Прошёл месяц. Лондон окончательно утонул в осенних туманах — тех самых, густых и липких, которые проникают сквозь одежду и оседают на стёклах копотью. Газеты, ещё недавно пестревшие заголовками про женщину-журналистку и неуловимого «вампира с Флит-стрит», переключились на скандал в парламенте — какой-то лорд публично обозвал другого лорда трусом, а тот вызвал его на дуэль, которая, впрочем, так и не состоялась. Параллельно все обсуждали очередную дерзкую кражу в Сити: исчезли золотые слитки из подвала банка, и полиция разводила руками. Имя Клары Харрис постепенно исчезло из рубрик «городских легенд» и «странных происшествий» — о ней забыли так же быстро, как и вспомнили. Сама Клара не публиковала статью про вампира: ни тогда, после той памятной ночи, ни позже, когда другие репортёры уже переключились на более хлебные темы. Вместо этого она каждую ночь, когда весь доходный дом погружался в неспокойный сон, сидела при единственной свече над своим потрёпанным блокнотом в кожаном переплёте. Часы на каминной полке отбивали полночь, за окном выл ветер, а она исписывала страницу за страницей мелким, убористым почерком — таким, что строчки налезали на строчки, а поля исчезали под каллиграфическими завитками. И это были не газетные заметки, не черновики для скандальных расследований. Это была книга. Не сенсация, не разоблачение, а странная, горькая и в чём-то нежная история — история о том, как одинокая женщина встретила в ночном Лондоне не чудовище, а потерянную душу. Она назвала её «Холодное сердце», и каждый вечер, закрывая блокнот, Клара чувствовала, что пишет не столько о Люциане, сколько о той тьме, что живёт в каждом человеке, и о крошечном огоньке, который может её растопить.
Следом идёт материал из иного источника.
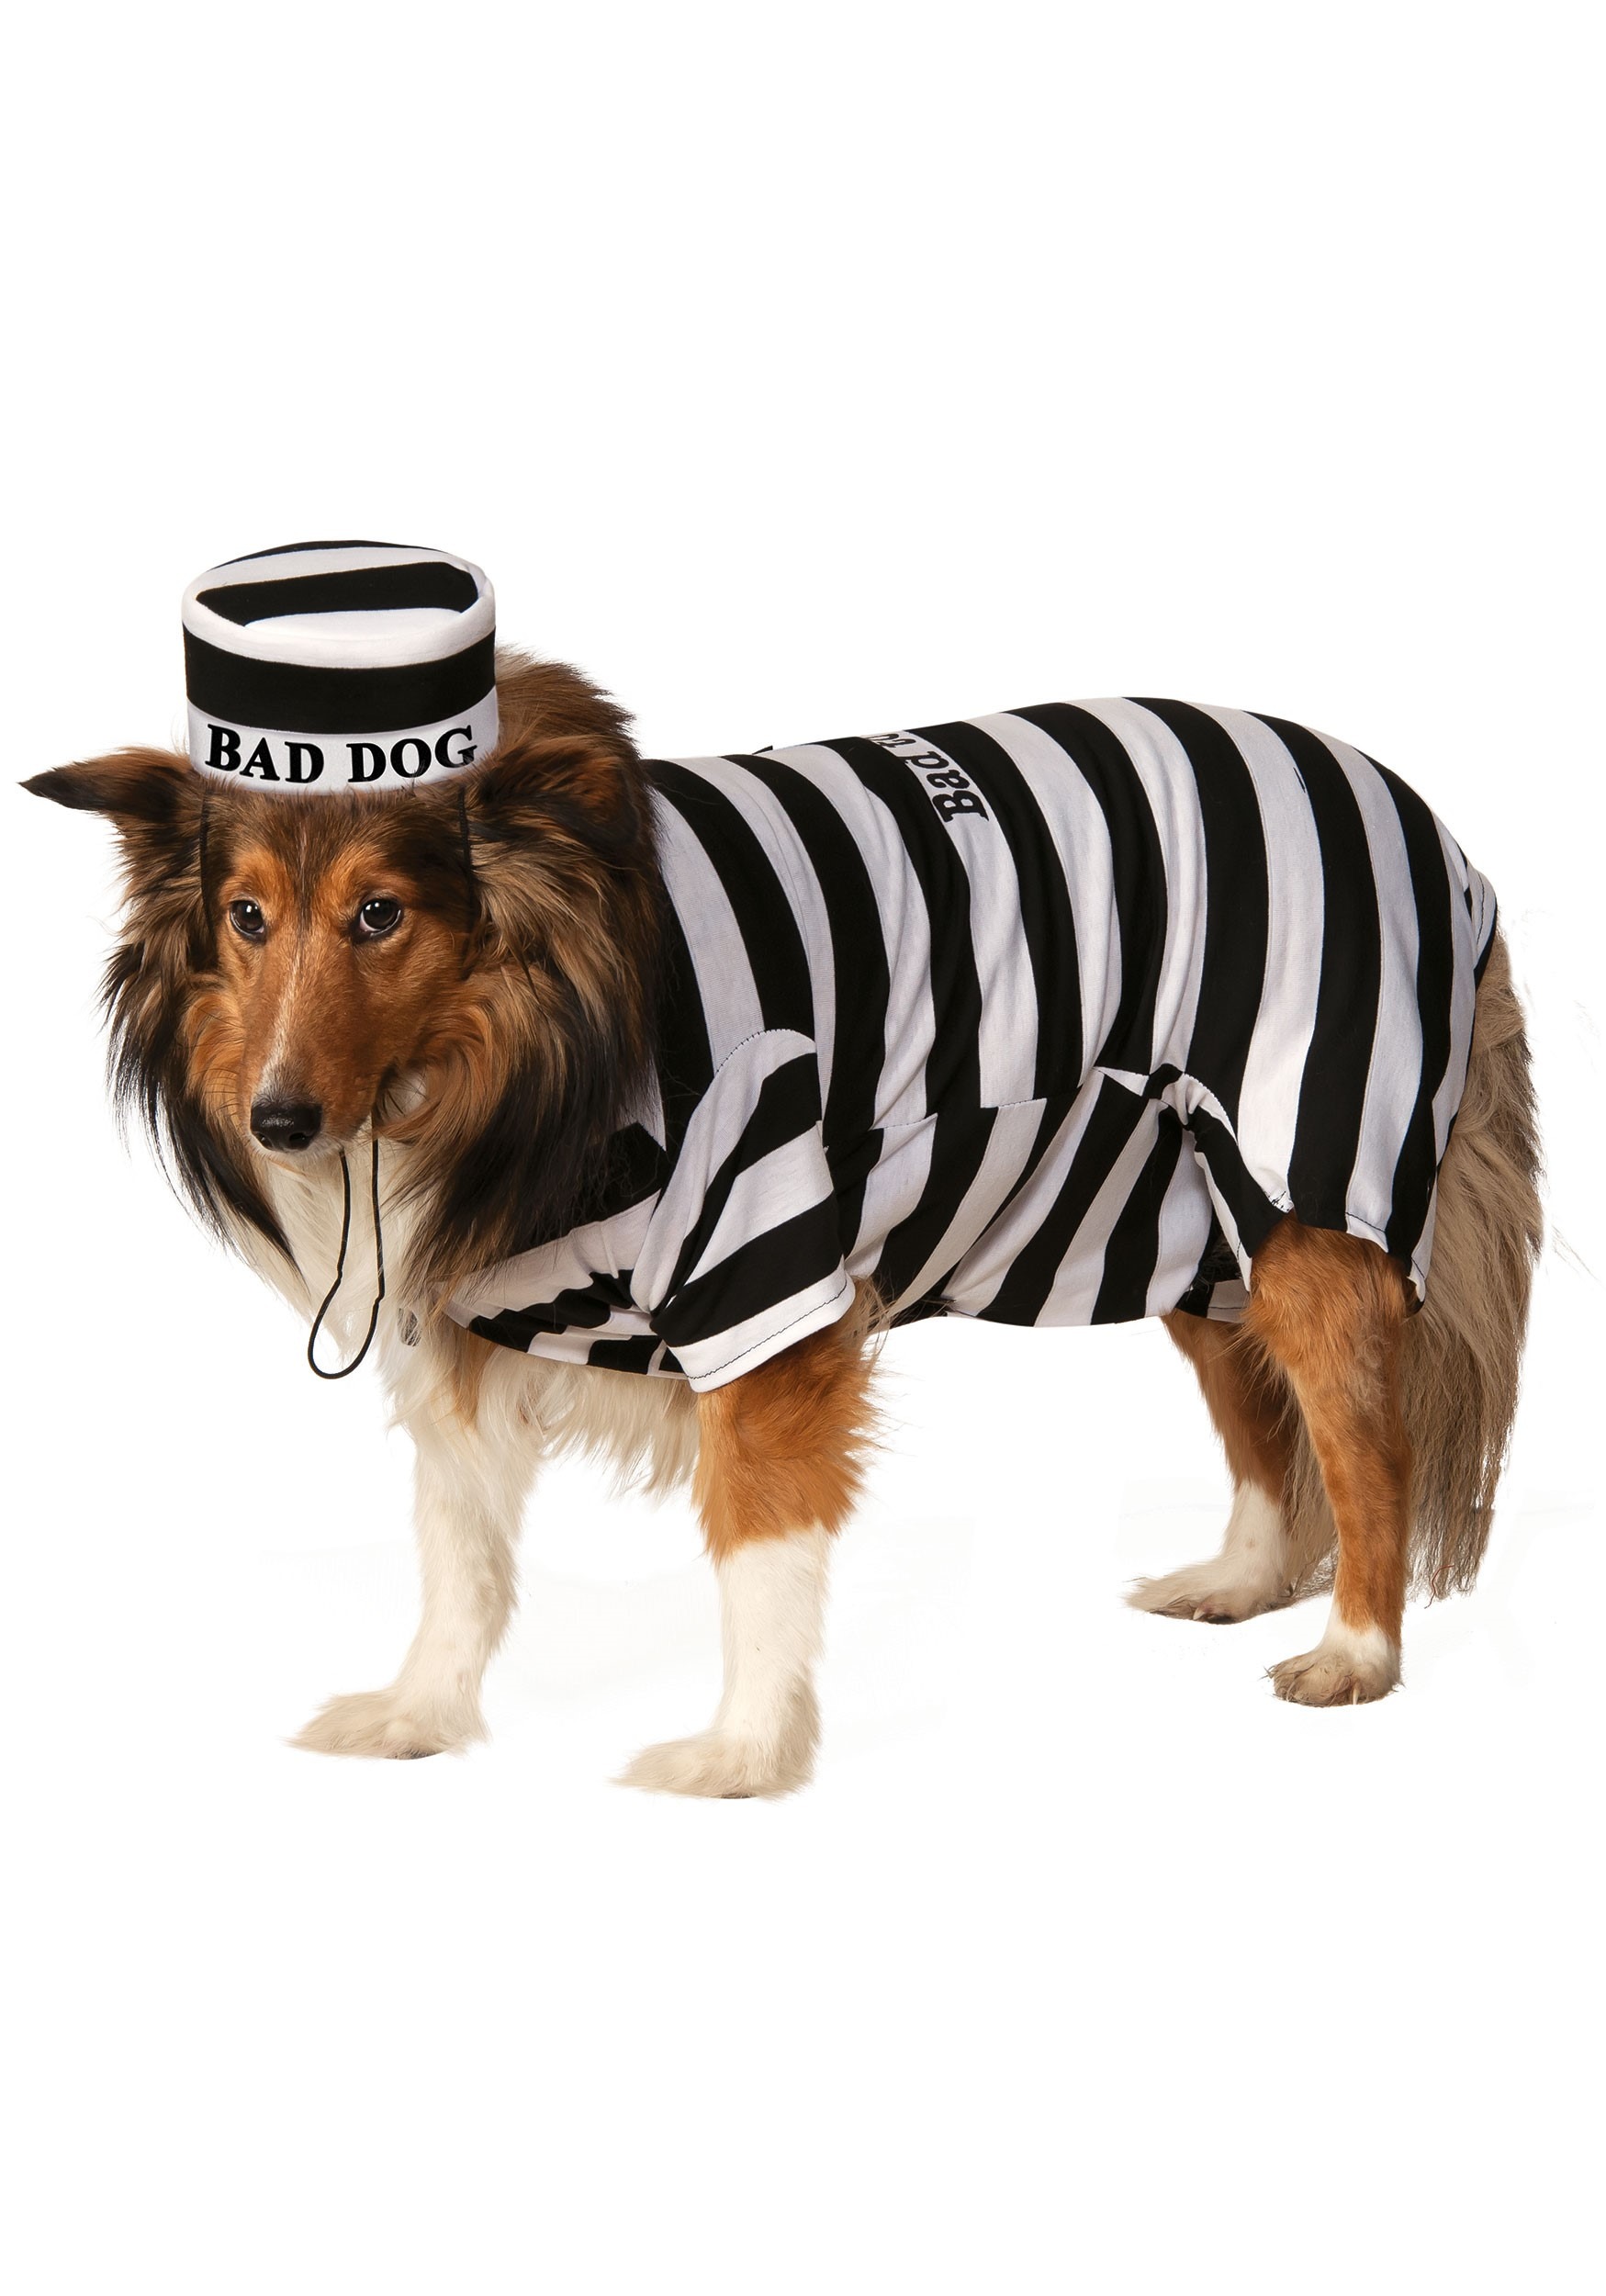 Pet Prisoner Costume

Люциан не исчез. Клара не знала, как это объяснить, но она чувствовала его присутствие — иногда за окном поздним вечером, когда ветер с такой силой хлопал ставнями, что стёкла дребезжали, а старые рамы жалобно скрипели. В такие моменты она отрывала взгляд от страницы и подолгу всматривалась в черноту за стеклом, но видела только собственное отражение — усталое, с заострившимися скулами и кругами под глазами. А иногда он был в конце переулка, когда она возвращалась из пекарни с тёплой булкой в кармане пальто, и тогда она замирала на полпути, прислушиваясь к шагам позади — тяжёлым, мерным, нечеловечески размеренным. Он не приближался, но и не уходил совсем, оставаясь ровно на границе газового света и кромешной тьмы. Однажды в дверь её каморки постучали — три едва слышных удара, робких, словно застенчивый школьник боится потревожить учителя. Клара отложила перо, замерла на секунду, а потом решительно встала, поправила воротник блузы и открыла дверь. Никого. Только на пороге лежал букет увядших роз — тех самых, что неделю назад украшали чью-то могилу, — перевязанный чёрной атласной лентой с едва заметными серебряными нитями. Рядом, придавленный камнем, чтобы не унесло ветром, лежал маленький конверт из плотной, пожелтевшей бумаги без подписи и обратного адреса. Она разорвала сургучную печать, внутри оказался один листок, исписанный старинным, изящным почерком — с длинными завитушками, какими давно никто не писал, разве что завзятые коллекционеры антиквариата. Всего одна строчка: «Сегодня я впервые за двести лет не охотился. Спасибо за чай. Л.» Клара перечитала это четыре раза, потом прижала листок к губам — бумага пахла сырым подземельем, старой смолой и, как ни странно, сухим лавандовым саше.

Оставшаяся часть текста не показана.